После первой отсидки отец устроился на работу в «Азнефть» — «Азербайджанскую нефть». Не прошло и года, как к нам ночью ворвались чекисты, перевернули все вверх дном и снова арестовали отца. Донос, как выяснилось, носил анекдотический характер: будто, работая в тюремной конторе, он умышленно изводил слишком много бумаги и чернил. И отец вернулся домой спустя сутки. Однако теперь он твердо решил уехать из Баку навсегда. Он наивно полагал, что в огромной Москве забудут его «буржуйское, нэпманское прошлое» и оставят его в покое.
На сборы много времени не требовалось: отец мой был окончательно разорен. Родители уехали, а я осталась в Баку заканчивать школу. Брат мой Александр, 18-летний юноша, также незадолго перед тем уехал в Москву «зарабатывать пролетарское происхождение»: с отцом — бывшим нэпманом — нельзя было рассчитывать на какой-либо успех в жизни, а Александра тянуло к газетной, журналистской работе. Работая в Москве на фабрике, он сотрудничал одновременно в газетах. Никому не нужная работа на фабрике была, собственно говоря, «официальным перевоспитанием». Без «пролетарского настоящего» нашего Шуру просто-напросто не стали бы печатать.
Мама надеялась, что Шура поступит в Университет, станет «дипломированно» образованным человеком. Шура — в трех тысячах километров от Баку — мамину надежду не сокрушал, но в Университет поступать не собирался. Его уже печатали, он подписывался псевдонимом «Алазэ» (Александр Лазебников). В нем проявились задатки хорошего журналиста, и он, действительно, спустя несколько лет стал заместителем заведующего отделом газеты «Комсомольская правда». Его ждала судьба многих крупных журналистов: в 37 году он был арестован вместе со всей редакционной коллегией своей газеты, обвинен в шпионаже, отправлен в концентрационный лагерь. Он провел там девятнадцать лет и вышел на свободу, реабилитированный, уже после смерти Сталина. Нашему Шуре повезло: он остался жив.

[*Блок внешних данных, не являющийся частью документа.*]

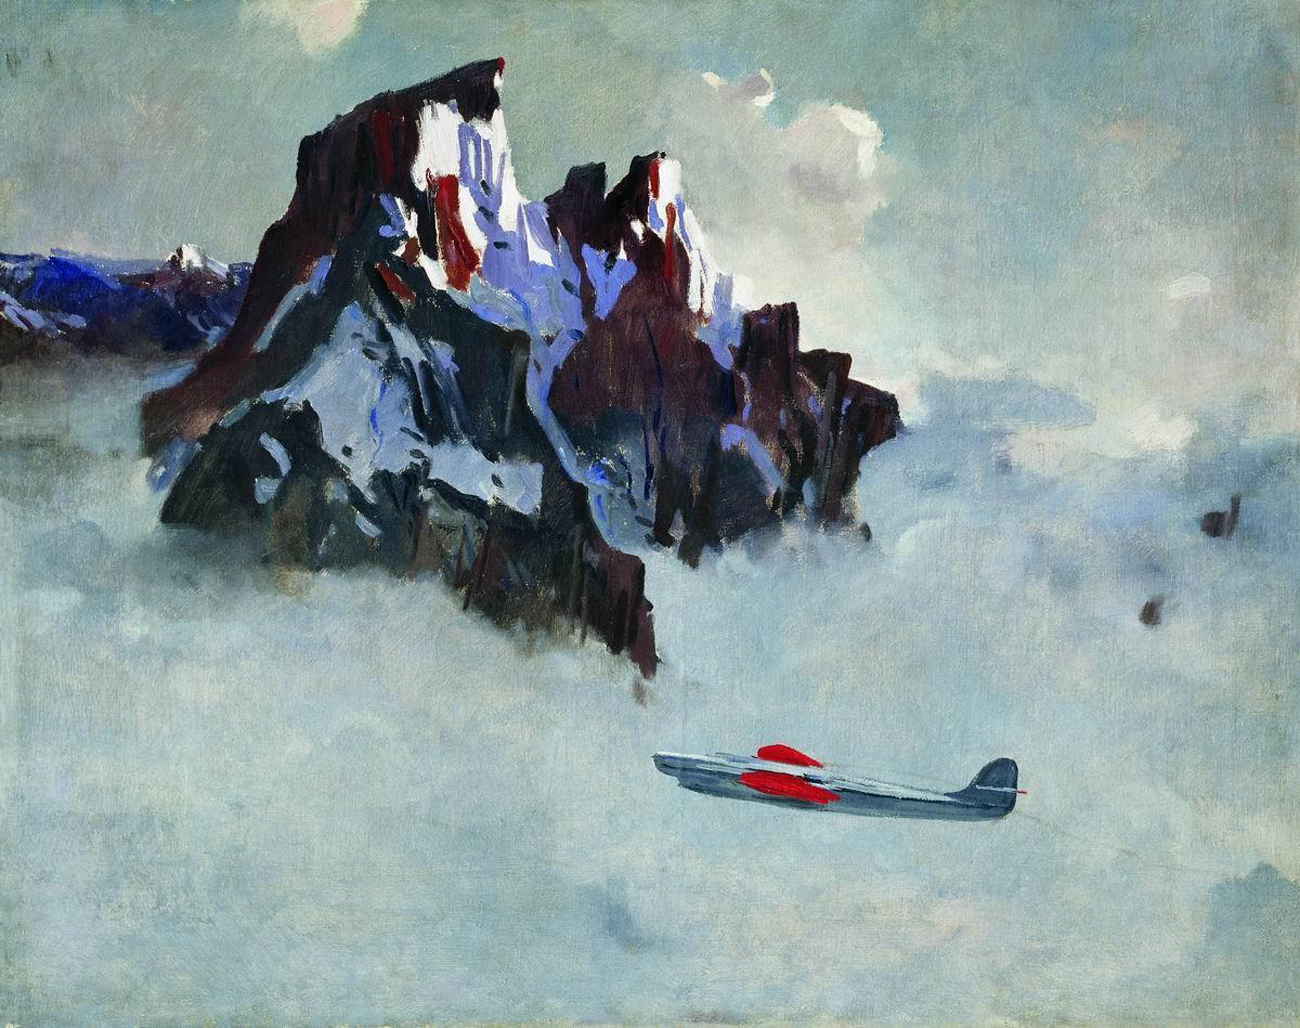 Александр Александрович Дейнека. "В воздухе". 1932.
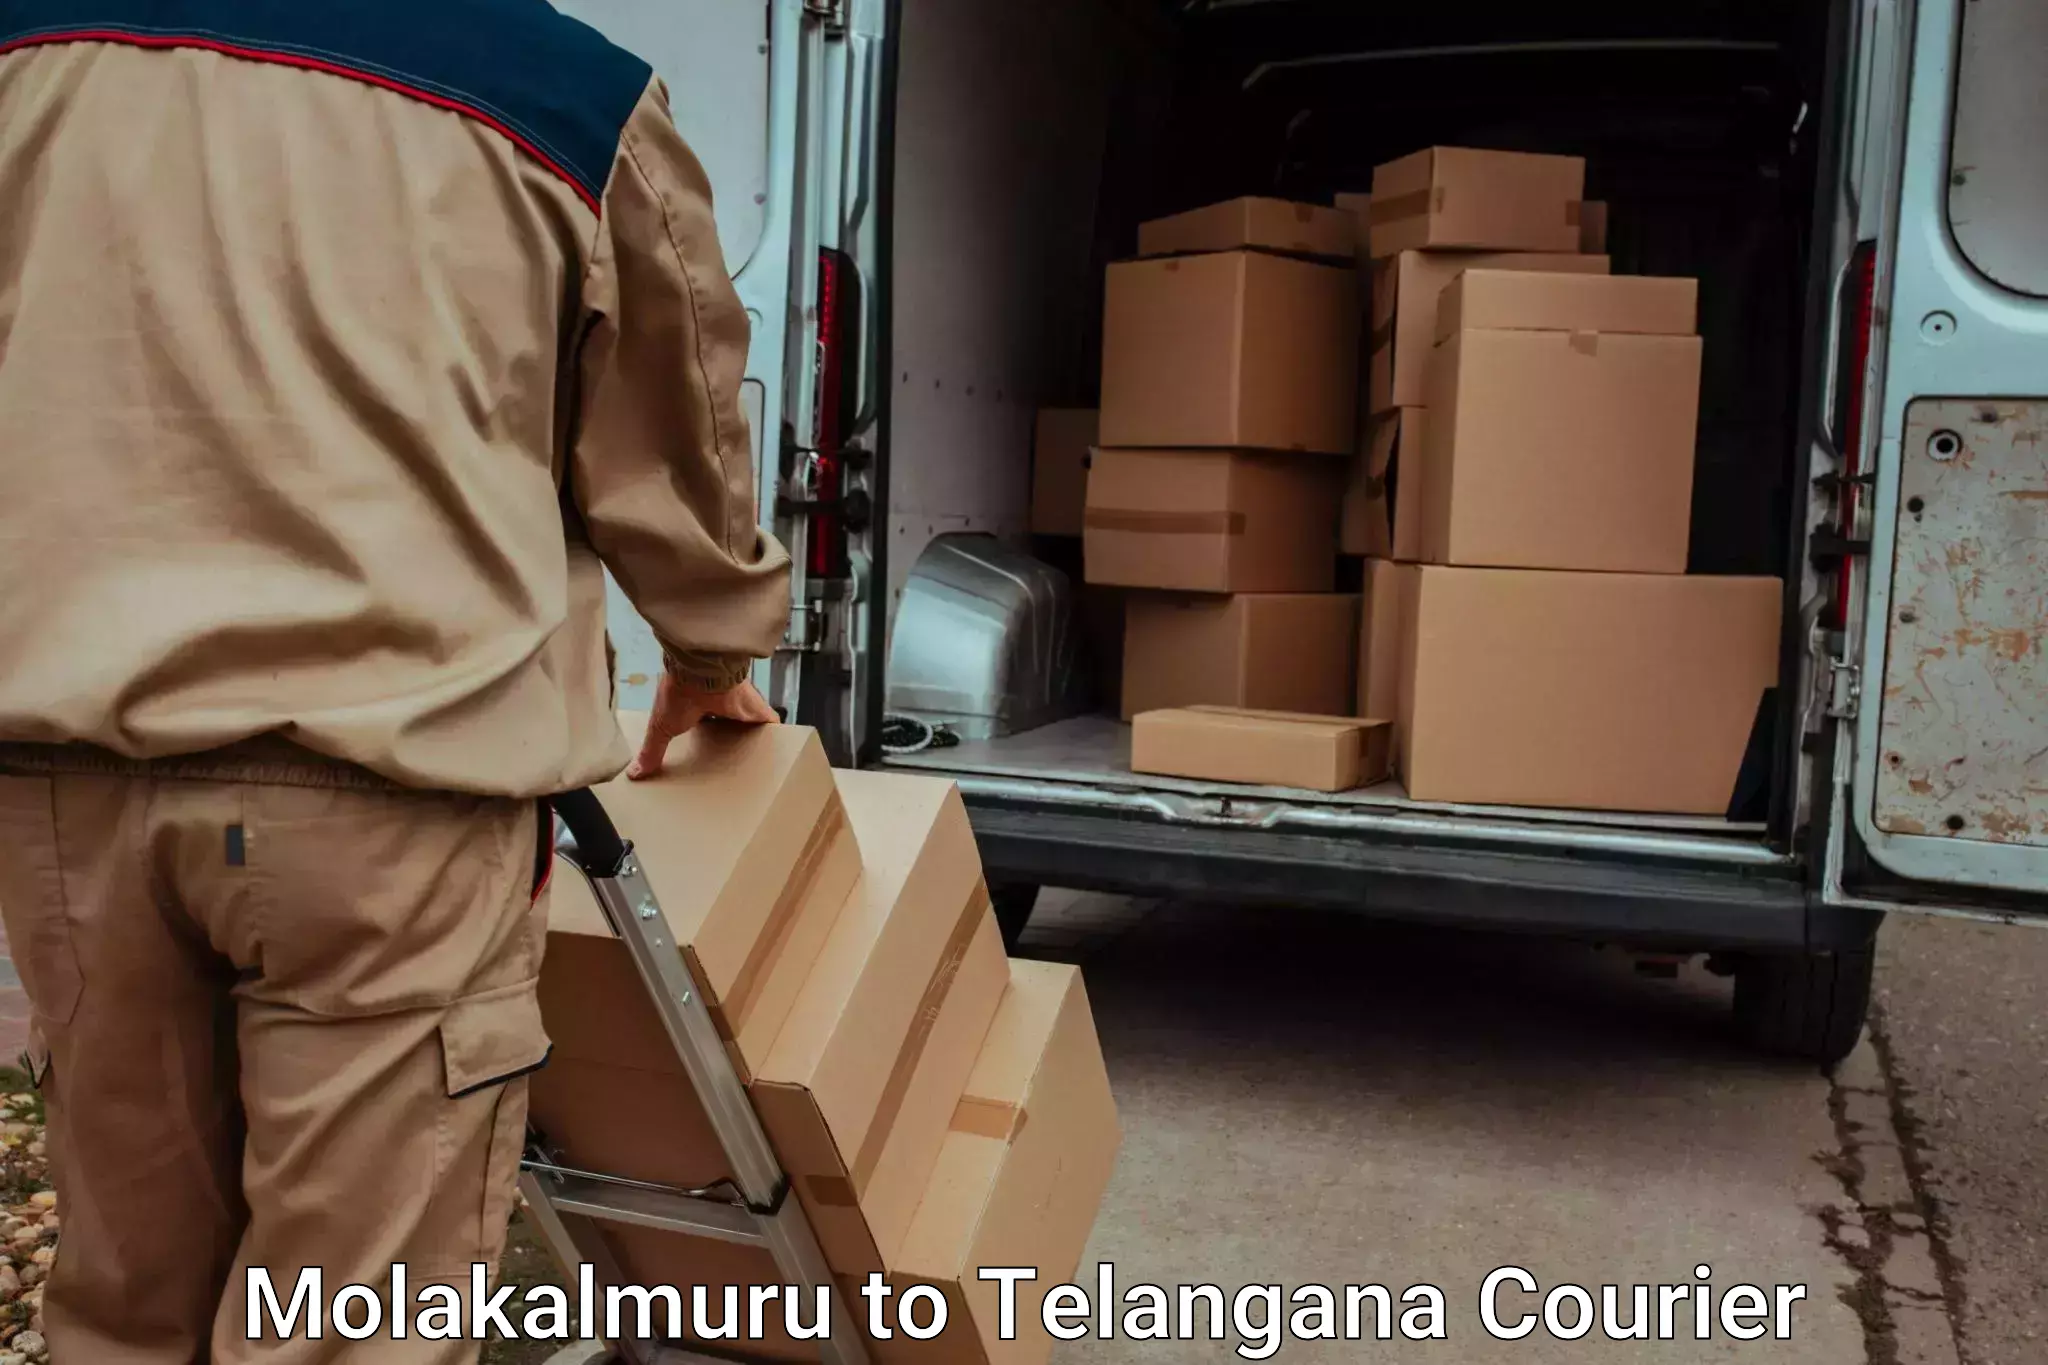 Same day luggage service Molakalmuru to Kusumanchi
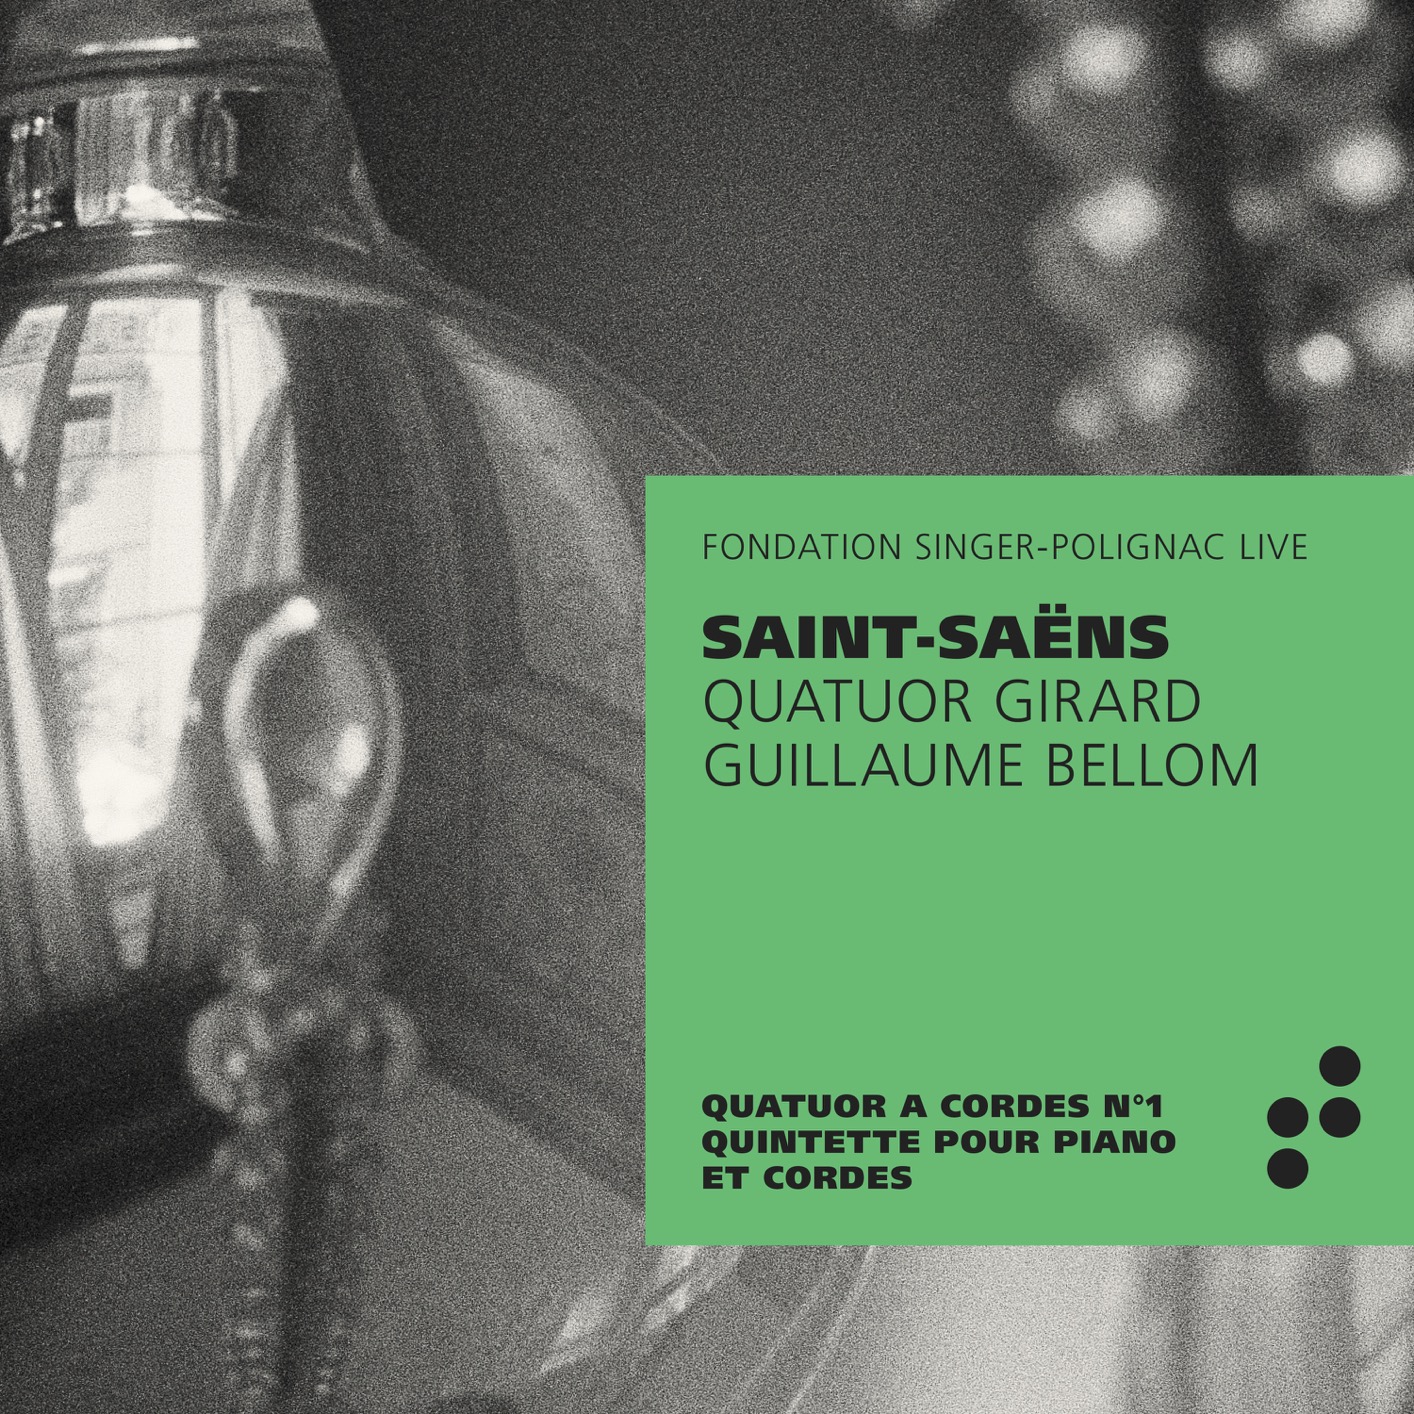 Quatuor Girard & Guillaume Bellom – Saint-Saens Quatuor A cordes No. 1 (2019) [FLAC 24bit/96kHz]

Итак, родители отправились в Москву, где отец поступил на службу в управление «Главнефть». Я осталась в Баку — доучиваться, заканчивать школу. Бакинская жизнь текла размеренно, скучно, провинциально. Возможно, какие-то страсти — политические, экономические — и были присущи ей, но я находилась далеко от тех сфер, где температура подымалась выше нормы.
Поэтому вдвойне крупным событием для нас — школьниц, школьников — стал приезд в Баку трех известных московских поэтов: Иосифа Уткина, Александра Безыменского и Александра Жарова. Все трое назывались «комсомольскими поэтами», все трое были молоды, пользовались огромной по тем временам популярностью. Все трое, кстати сказать, были евреи. Уткин, автор знаменитой «Поэмы о Рыжем Мотеле», посвященной Троцкому, погиб во время Второй мировой войны в авиационной катастрофе. Он был талантлив — несравненно талантливей, во всяком случае, Жарова и Безыменского. А эта пара уцелела ценой предательства собственных юношеских розовых идеалов. Жаров писал подписи к агитплакатам, Безыменский, который до самой смерти по мере сил стриг купоны с прошлого, заслужил такую эпиграмму, сочиненную его же коллегами-поэтами:
Волосы дыбом,
Зубы торчком,
Старый дурак
С комсомольским значком.
Так что судьба Иосифа Уткина сложилась не так уж и плохо: не погибни он на фронте, ему пришлось бы либо сидеть в лагере, либо вести жалкую и подленькую жизнь «вечно юных комсомольских поэтов» Безыменского и Жарова.
В 27 году, естественно, речи об этом не было. Просто приехали московские поэты — и все. О билетах на поэтический вечер нечего было и мечтать: они были проданы, перепроданы, розданы, распределены. Понимая несбыточность надежд по части билетов, я и две мои подружки сидели на скамейке приморского бульвара. На соседней скамейке устроился молодой мужчина с блокнотом для набросков и карандашом в руках. Мне показалось, что он рисует меня, и я, выросшая на мусульманском Востоке, поднялась со скамейки, чтобы уйти,
— Постой, — сказала одна из моих подруг, останавливая меня, — это же Ротов!
Художник Константин Ротов приехал из Москвы вместе с поэтами. Он подошел к нам и попросил меня ему попозировать.
— Посиди, пожалуйста, спокойно, девочка, — сказал Ротов, — и я дам тебе пропуск на сегодняшний вечер.
Видя умоляющий взгляд моих подруг, я сказала ему:
— Ладно. Но мне надо три билета: нас трое.
Вечером, сидя на ступеньках в переполненном зале, мы слушали стихи, рассказы Уткина о его визите к Горькому на Капри.